Thomas Pugh, Chief Economist at RSM UK added: “The construction industry looks more vulnerable than other industries to the fall out of the war in Iran. Given that sentiment in the sector was already chronically weak coming into the crisis, the outlook for the sector is much tougher than we were expecting just a few months ago.

“The sector will be hit hard by rising costs, given its heavy usage of diesel and the energy intensive nature of much of its inputs. What’s more, suppliers’ delivery times were the slowest since December 2022, with firms reporting international shipping delays and shortages of some raw materials, which could further increase cost pressures on builders if shipping rates and material costs surge.

“At the same time, the sharp upward repricing of market interest rates will drag on demand, hitting builders on both sides. Admittedly, mortgage approvals have held up in the first two months of the Iran war, but house prices dipped in May, and we struggle to see how the housing market can sustain momentum, given the big jump in mortgage rates and impending stagnation in real household incomes. The silver lining is that the sharp rise in government investment that has been pencilled in for this year should still go ahead.

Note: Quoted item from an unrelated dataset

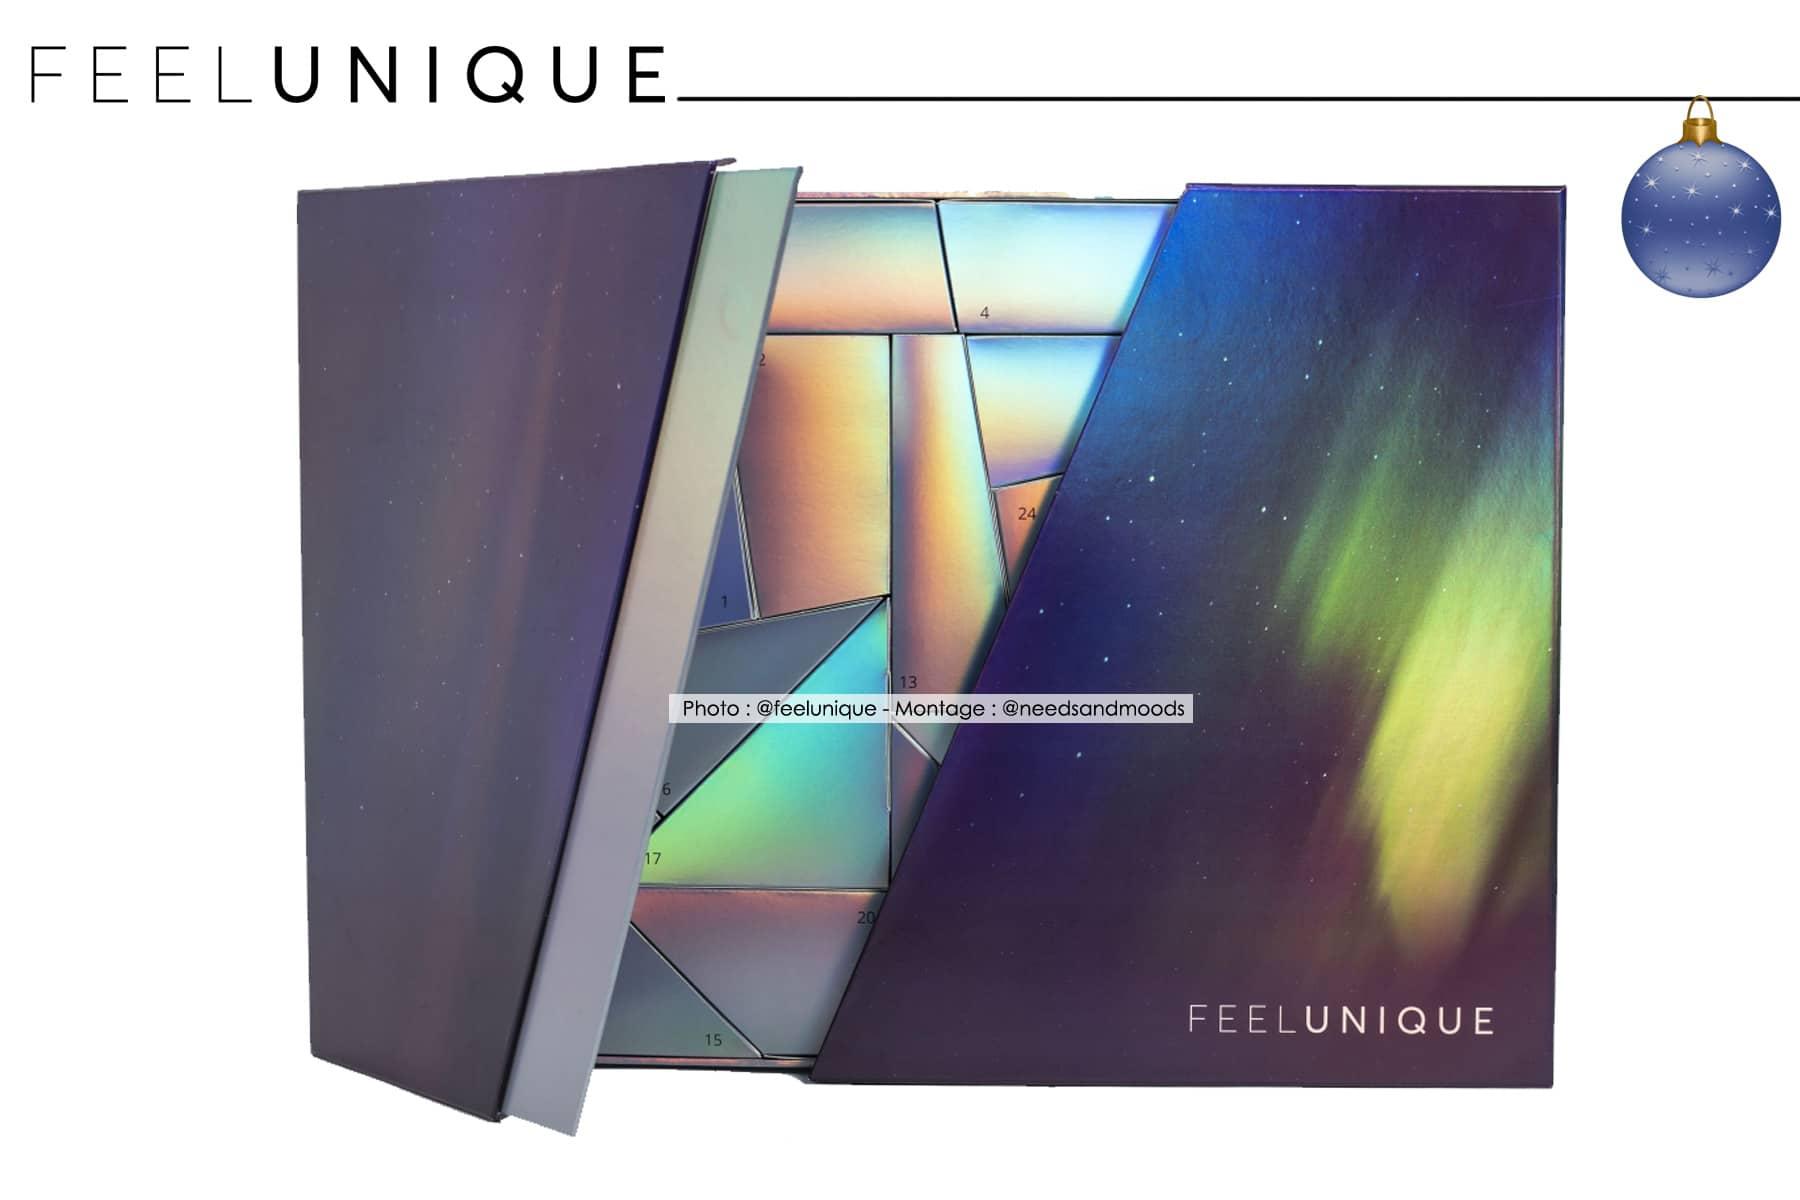 Calendrier Prix.Calendrier De L Avent Feelunique 2019 Avis Contenu Prix

“Ultimately, if a deal between the US and Iran can open the Strait of Hormuz then oil prices should fall back, easing the pressure on input costs. However, even if a deal emerges soon, we doubt prices will fall back to pre-war levels, given the damage to energy infrastructure. Higher energy prices will continue to work through supply chains for the rest of this year keeping input costs elevated. Add in the risk of a more spendthrift and interventionist administration in Downing Street, which is adding to the upward pressure on gilt yields, and the risks are clearly weighted to the downside for the sector.”